長崎には「被爆体験者」という人たちがいます。「埋もれた被爆者」などと呼ばれています。被爆体験者とはどういう人で、なぜ被爆者と区別されてしまったのでしょうか。その歴史や制度を、「被爆地域」「体験者」「広島の『黒い雨』」という三つのキーワードで読み解きます。
拡大する被爆体験者訴訟の口頭弁論のため長崎地裁に入廷する原告団
Q 「被爆体験者」とは?
A 1945年8月9日、米国が長崎市に投下した原爆の被害に遭ったにもかかわらず、日本政府が線引きした「被爆地域」の外だったため、被爆者と認定されなかった人たちを指す。
Q 「被爆地域」はどう決められたの?
A 政府は57年、広島と長崎で原爆に遭った人々を救済するため、「原子爆弾被爆者の医療等に関する法律」(原爆医療法)をつくった。当時の長崎市や広島市と、その周辺を「被爆地域」とし、約20万人を「被爆者」に認定した。
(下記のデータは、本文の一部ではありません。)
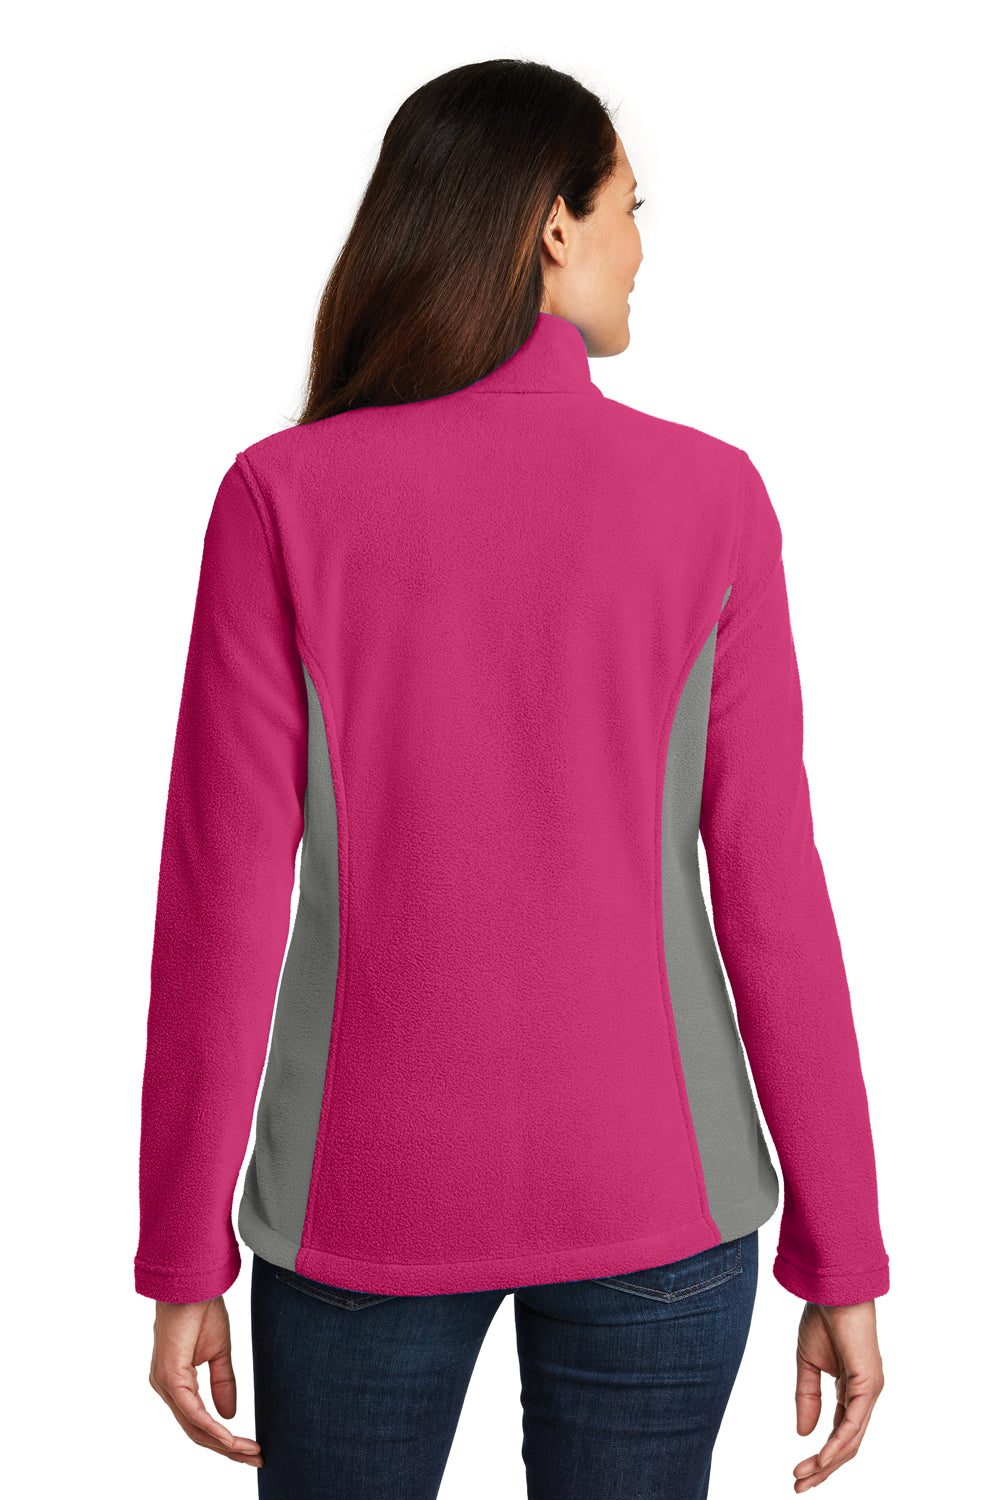 Port Authority L216 Womens Full Zip Fleece Jacket Pink Azalea/Grey Back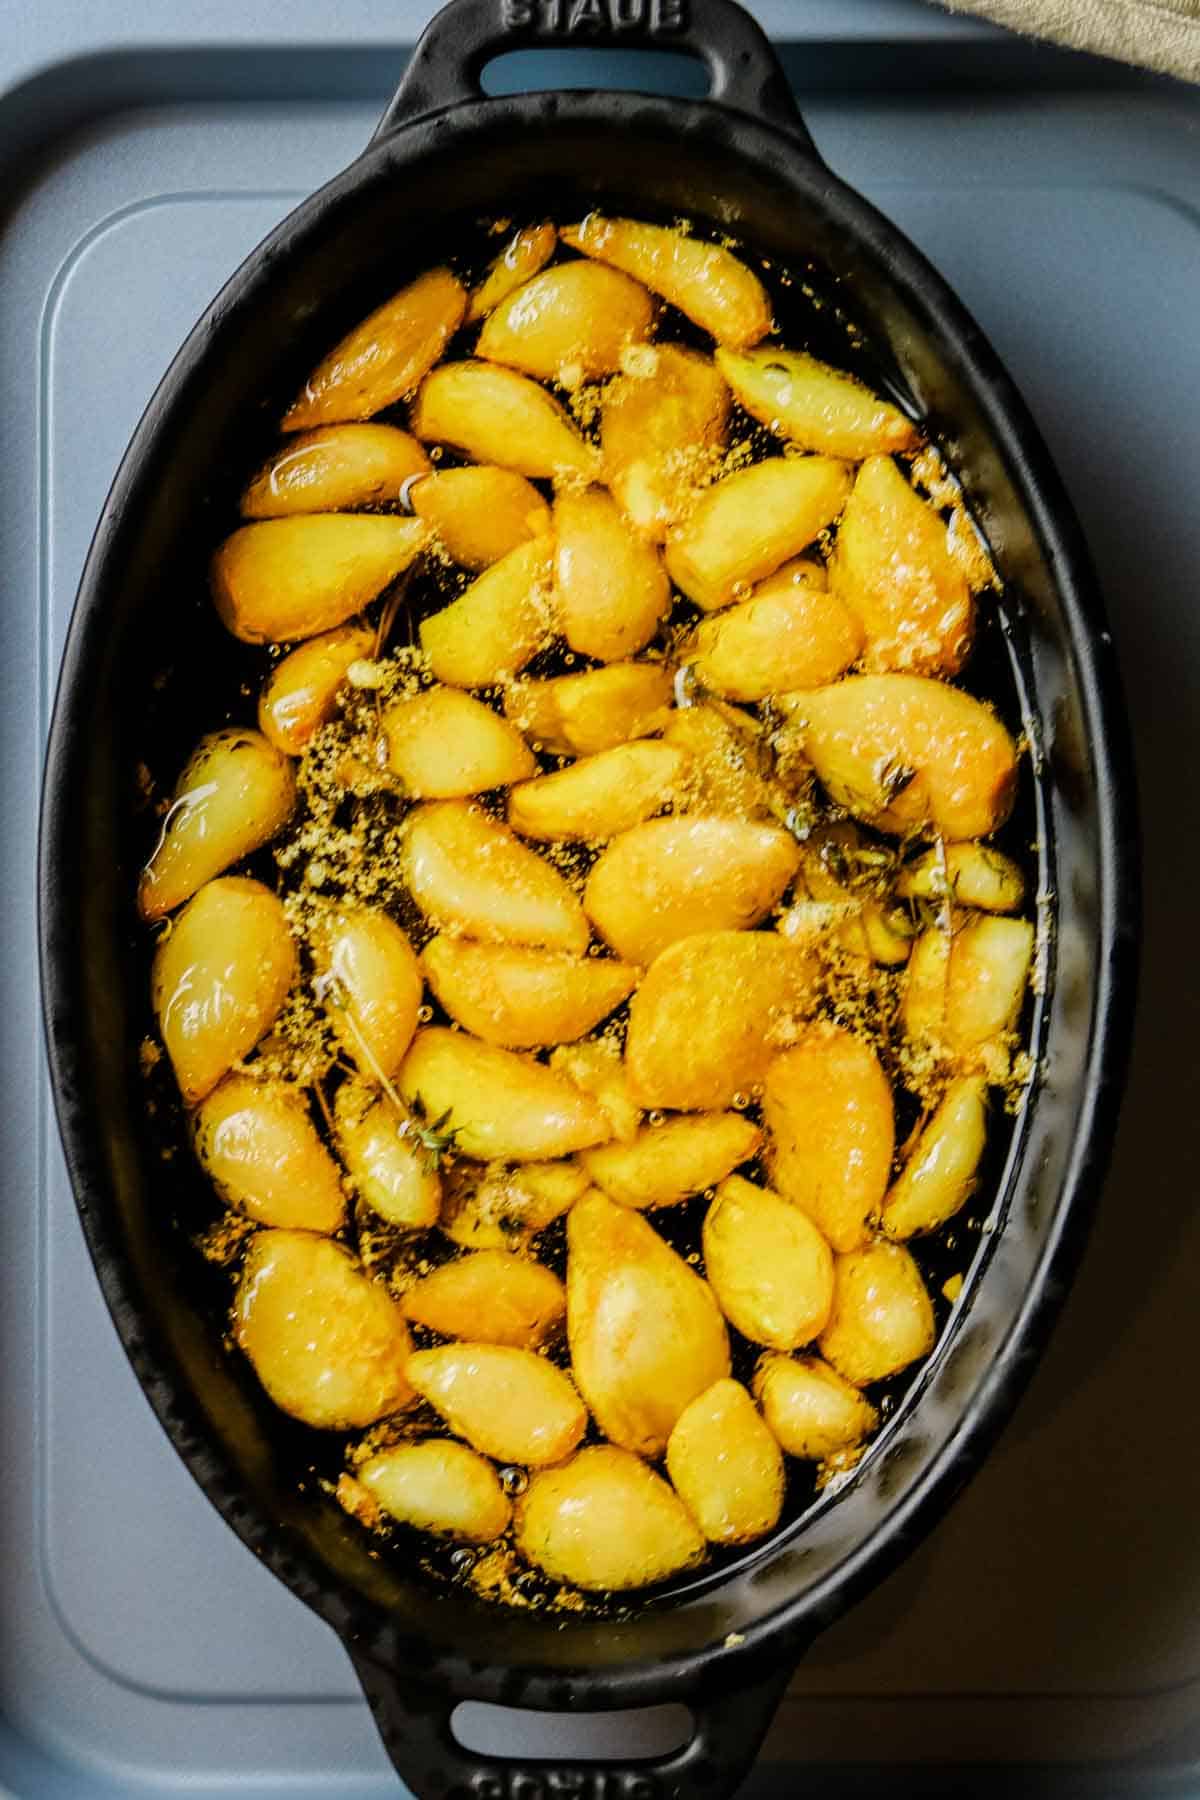 roasted garlic in oil.

当時の科学的な知見では、原爆の放射線が身体に影響を及ぼすのは、爆心地から5キロまでと考えられていた。
ところが、旧長崎市内を爆心地から半径5キロで区切ると、同じ市民なのに被爆者に認められる人と、認められない人ができてしまう。こうした混乱を避けるために、国は旧市域全域と周辺の一部を被爆地域に指定した。
その結果、爆心地から東西や北側はほぼ約5キロ圏内だが、南側に12キロまで広がるといういびつな形になった(図の赤色部分)。
Q 国は、科学的な知見ではなく、長崎市の形で線引きしてしまったんだね。
A 当然、被爆地域から漏れた人は、対象拡大を求めた。
これに対し、国は74年と76年、被爆地域の北側と東西の一部地域を「第1種健康診断特例区域」に指定した。この範囲で、特定の病気にかかると、被爆者として認定され、被爆者健康手帳がもらえるようになった(図の濃い黄色部分)。
ただ、その形はなおいびつで、爆心地から南北にそれぞれ約12キロ、東西は約7キロという縦長の楕円(だえん)形になった。
Q 爆心地から半径12キロ圏内でも、被爆者健康手帳をもらえない人が残ってしまったわけだ。
A 長崎市などは、12キロ圏内すべてを、被爆地域と認めるよう国に求めてきた。
ただ、国は被爆地域を拡大していくことに消極的だった。